The case before the court in 1997 involved a gasoline wholesaler and Chicago service station. State Oil Co. attempted to force the gasoline station owner, Barkat Khan, to sell State Oil's product at certain prices. Khan resisted and filed suit, claiming a violation of anti-trust law.

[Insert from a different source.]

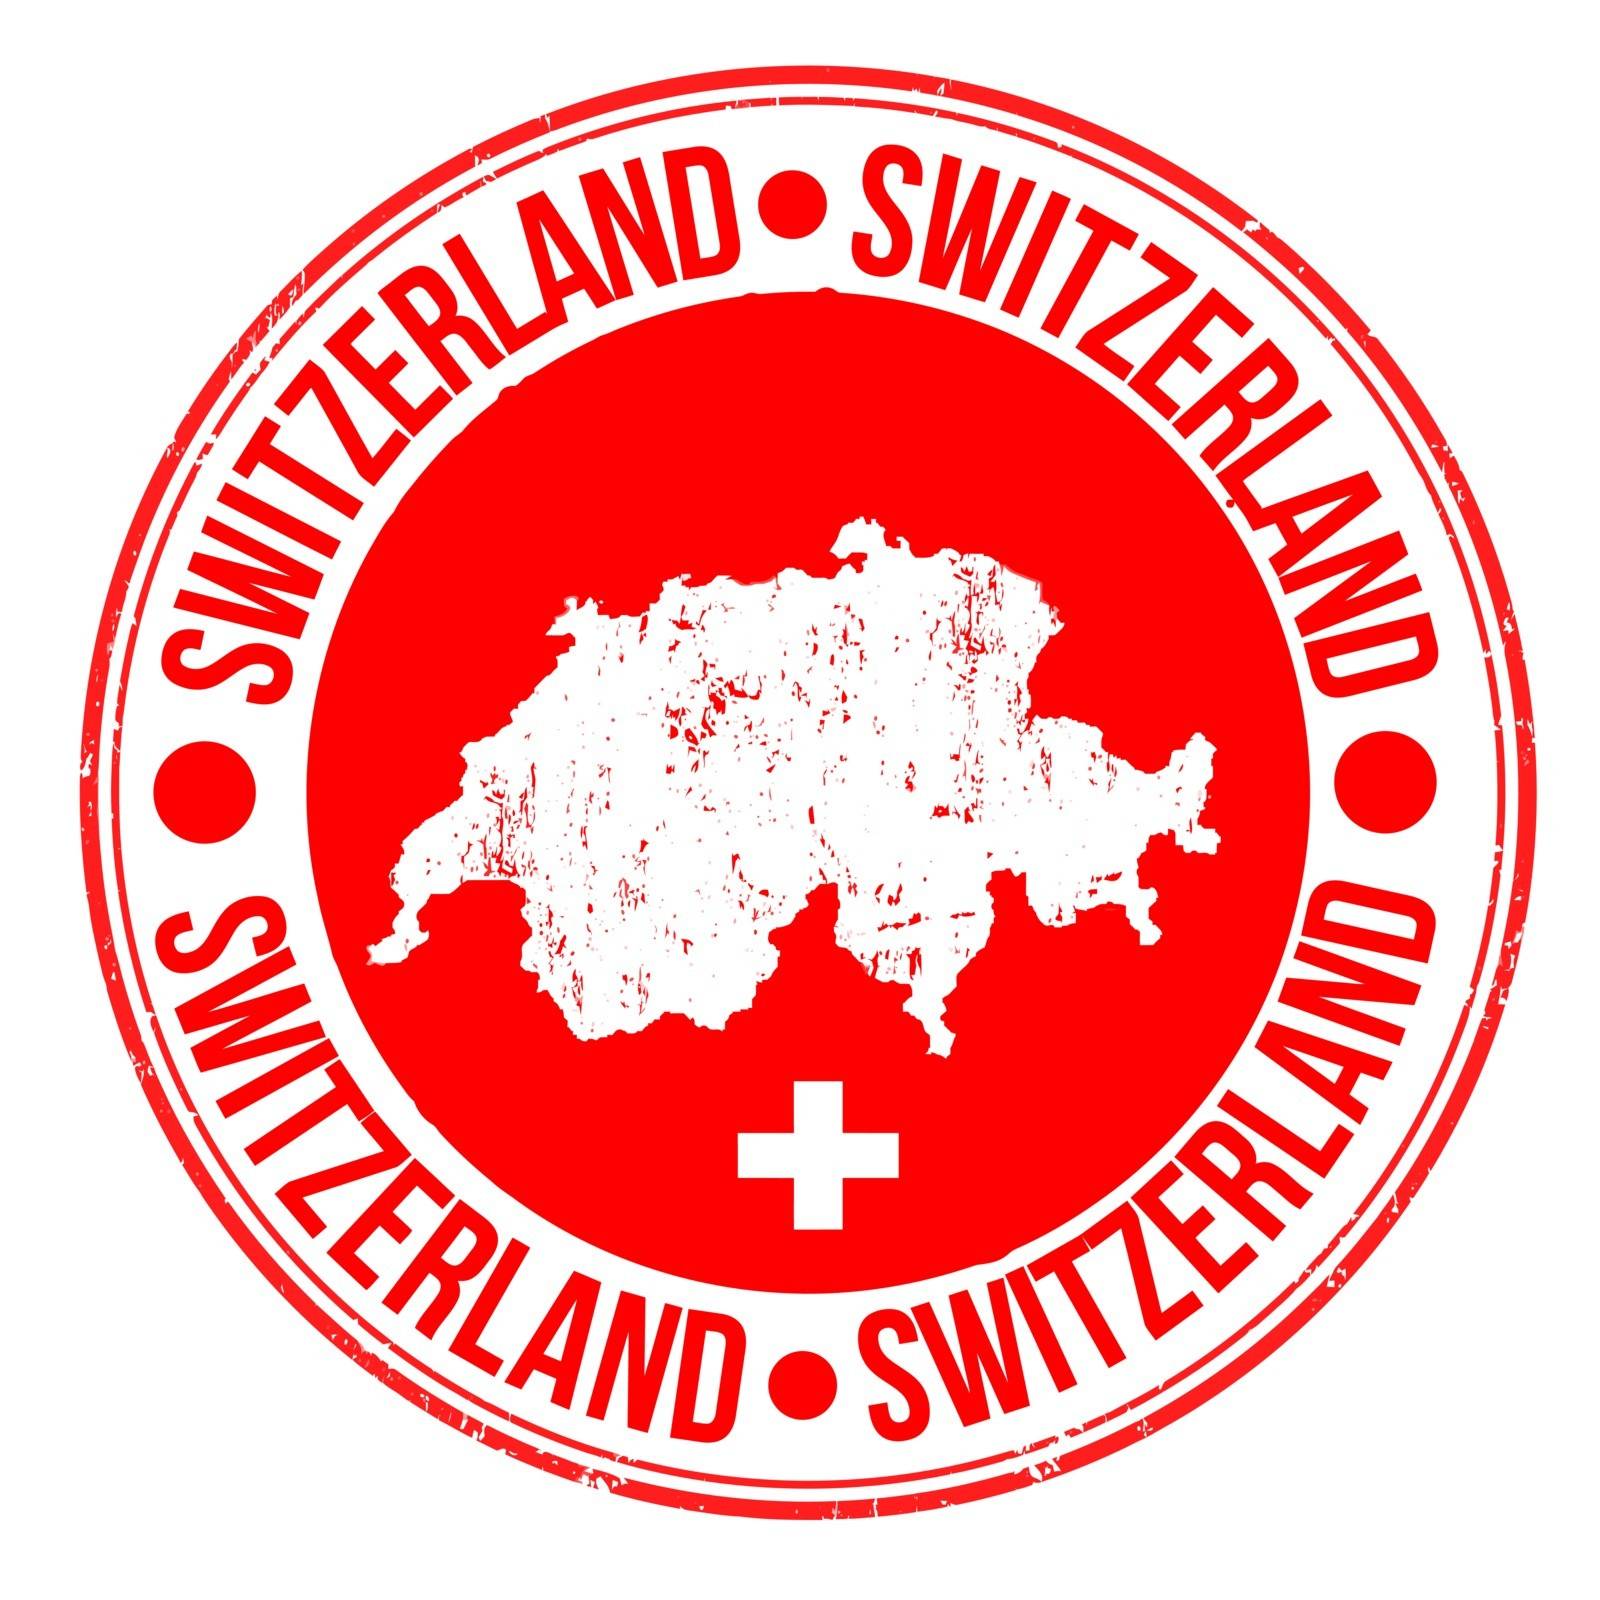 Grunge rubber stamp with map and the word Switzerland written inside, vector illustration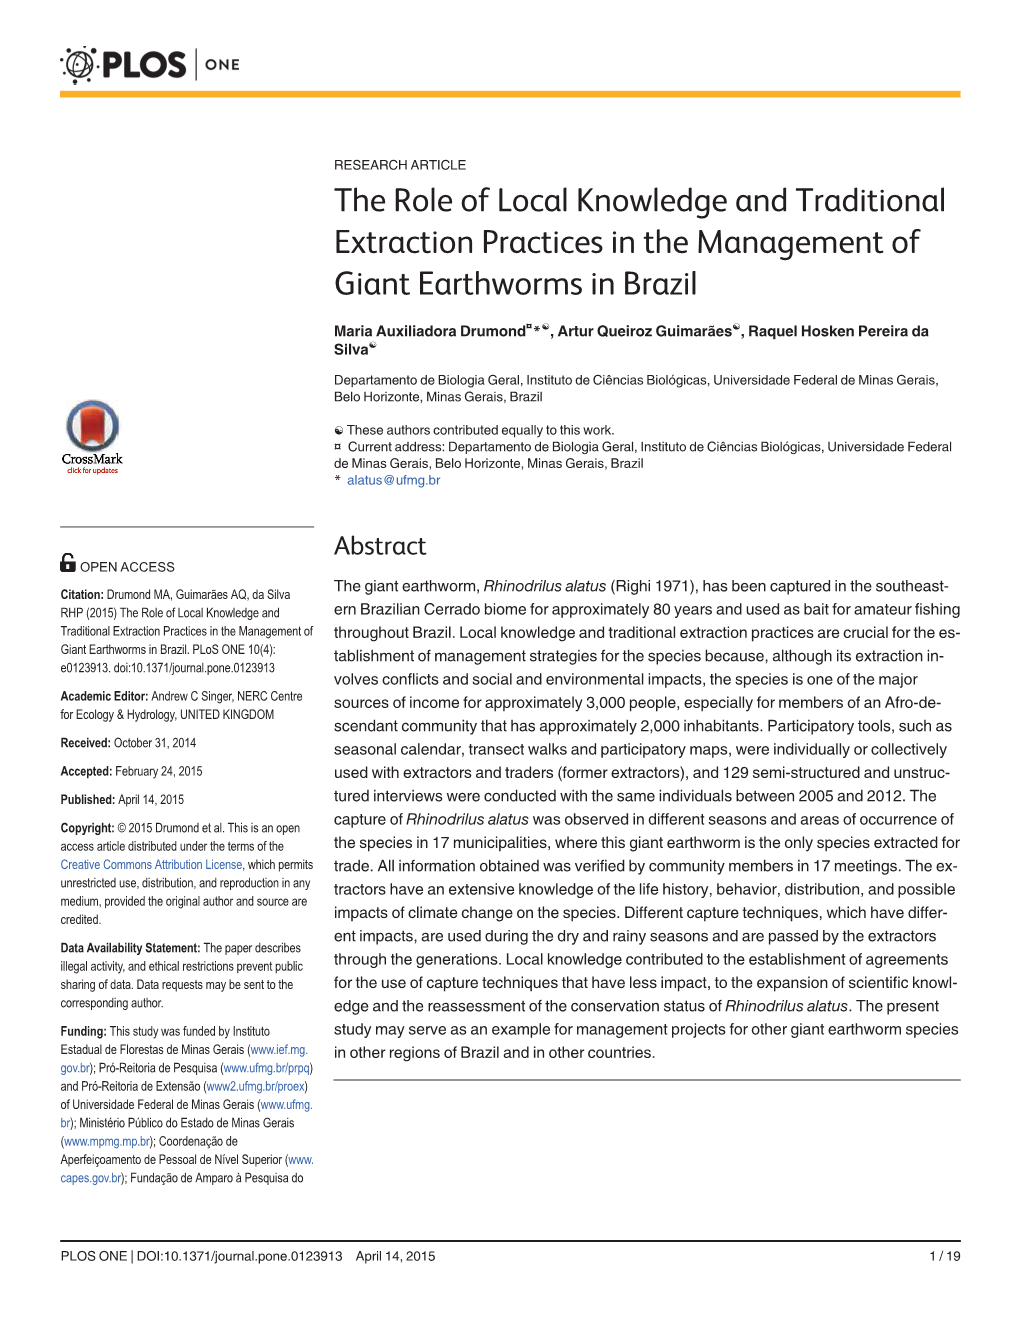 The Role of Local Knowledge and Traditional Extraction Practices in the Management of Giant Earthworms in Brazil

Khan won his case in the United States Court of Appeals in Chicago, presided over by Judge Richard Posner. Posner, however, mocked the Supreme Court's 1968 ruling on the matter in his decision, calling it "unsound when decided," "moth-eaten," and "increasingly wobbly" in application. Posner nevertheless abided by the Supreme Court's earlier decision, saying that it was the law until the Court overruled it.

==Decision==
Justice Sandra Day O'Connor wrote the unanimous opinion for the Court, overturning the previous case. She noted Posner was correct to rule for stare decisis, writing "it is this Court’s prerogative alone to overrule one
of its precedents." However, she wrote that she agreed with Posner: "Chief Judge Posner aptly described Albrechts infirmities." Although she noted that the Court was cautious in overturning precedents, the "great weight" of scholarly opinion had held that the Court's 1968 decision was incorrect.

==See also==
- List of United States Supreme Court cases, volume 522
- List of United States Supreme Court cases
- Lists of United States Supreme Court cases by volume
- Leegin Creative Leather Products, Inc. v. PSKS, Inc. (2007)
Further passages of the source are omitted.